Ford and Arthur are soon discovered and taken prisoner by the Vogons, forced to listen to the captain, whose name is Prostetnic Vogon Jeltz, reciting a few of his execrable poems, and then thrown out into space. This left Adams with a bit of a problem at the end of his first episode, as nothing could be less likely than his heroes’ being rescued, and he didn’t like the idea of a deus ex machina. The solution was to make the improbability of their being picked up precisely the reason for it: Ford and Arthur are rescued by a prototype spaceship powered by an ‘infinite improbability drive’. In an absurd concatenation of coincidence, the ship has just been stolen by Zaphod Beeblebrox, a friend of Ford’s and currently president of the galaxy, and Trillian, a woman Arthur once chatted up at a party in Islington, until Zaphod came along and gazumped him by telling her he came from another planet.

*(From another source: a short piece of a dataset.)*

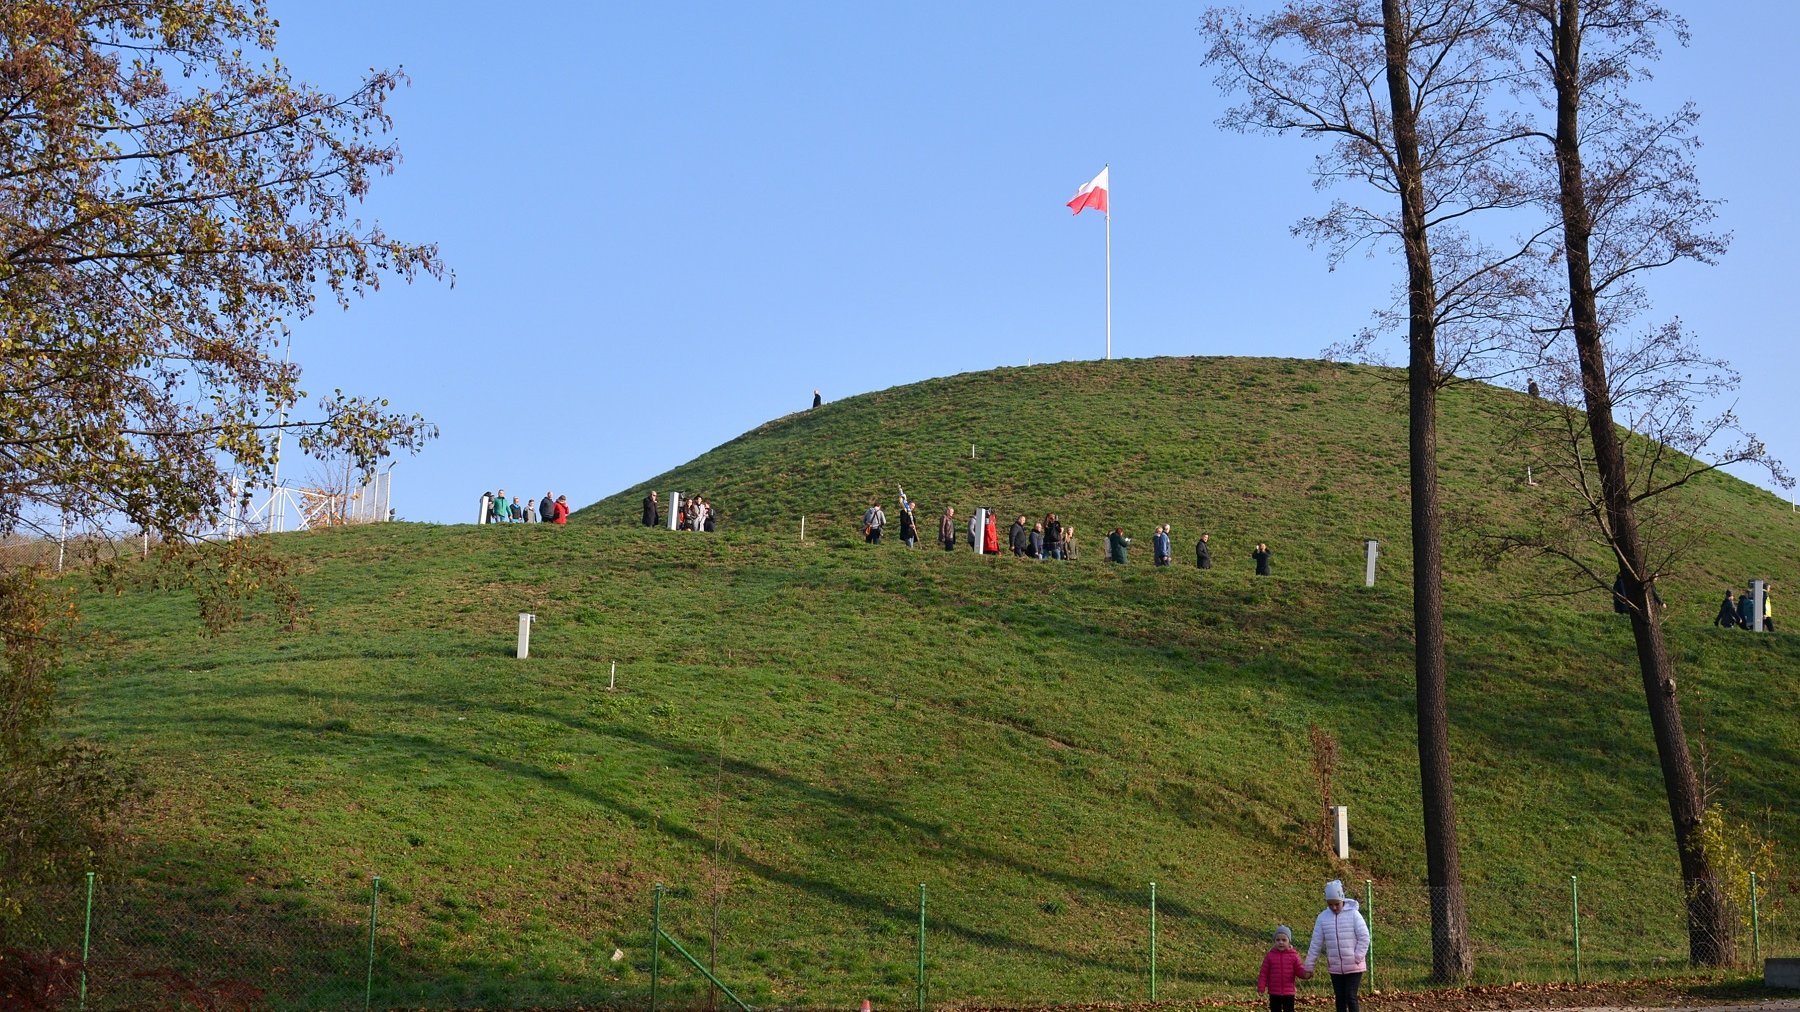 Galeria zdjęć przedstawia kopiec ziemny porośnięty trawą, na jego szczycie powiewa flaga Polski. - grafika artykułu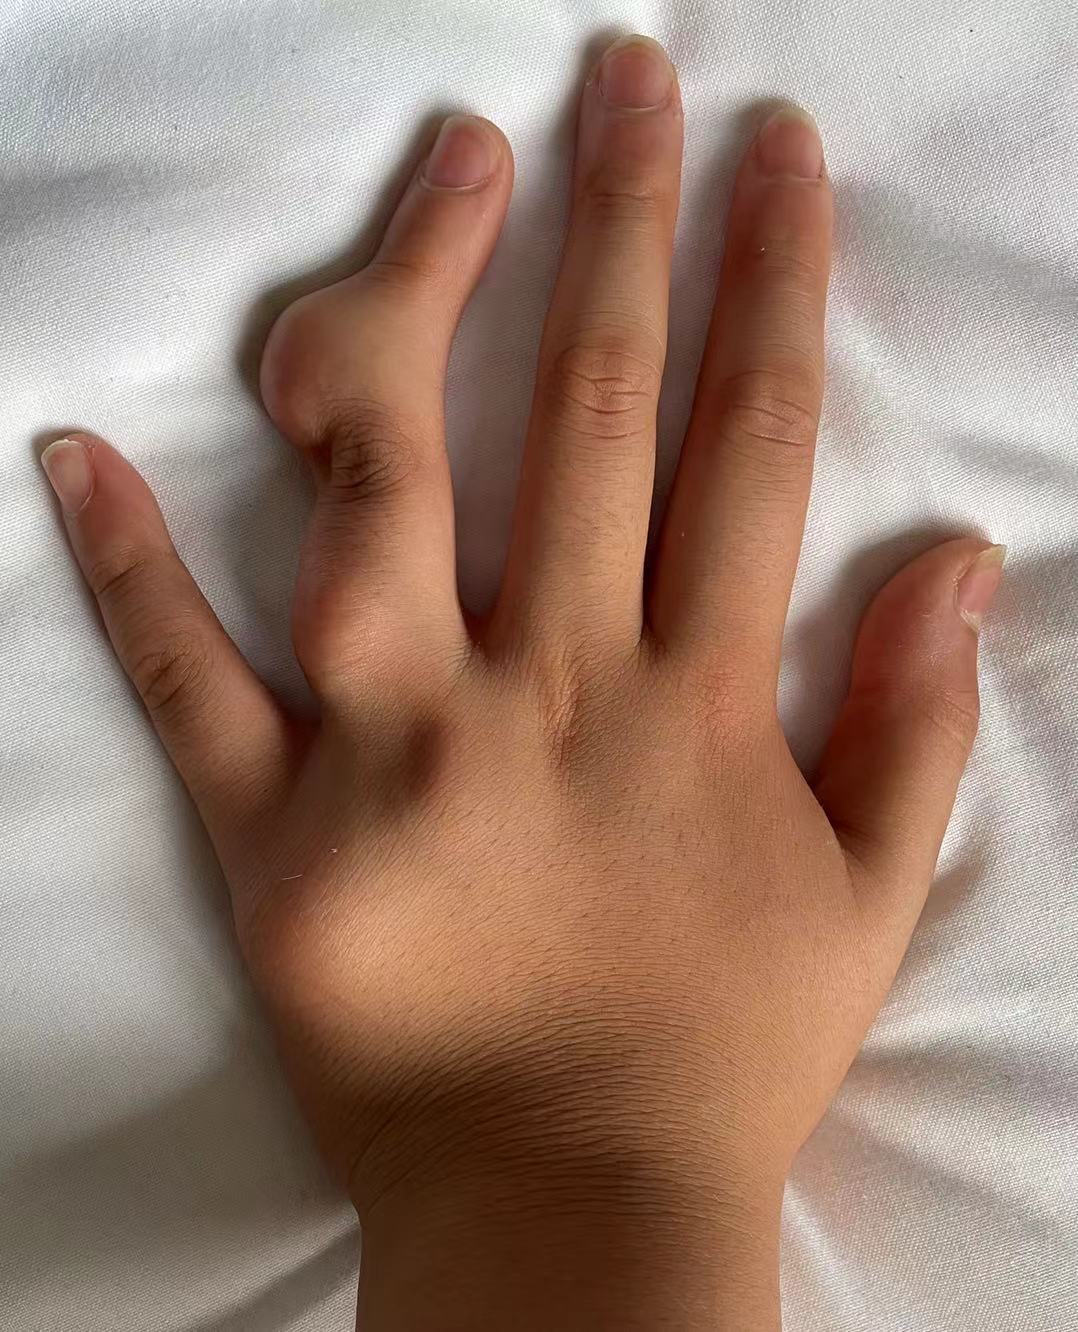 手指软骨瘤图片

Also on board is Marvin the paranoid android.
Another notable thing about The Hitchhiker’s Guide is its sense of perspective, a continuous zoom out: Arthur’s house is destroyed, then the Earth is destroyed, and eventually the whole universe is annihilated, an event the characters observe from the comfort of the Restaurant at the End of the Universe. (Zaphod is at one point cast into the Total Perspective Vortex, a device that shows a map of the entire universe with an arrow saying ‘you are here.’ It destroys the victim’s brain with the realisation of their insignificance; Zaphod survives because he has such an enormous ego.) The Earth’s entry in The Hitchhiker’s Guide to the Galaxy used to read, in its entirety, ‘harmless’; shortly before the place is blown up it was updated to ‘mostly harmless.’ Yet as the planet recedes, Arthur remains at the centre of the narrative, never losing sight of his petty human concerns. And the whole galaxy is remarkably like a version of England. In three days’ time, I’ll know what the movie makes of it all – just so long as the world isn’t destroyed over the weekend.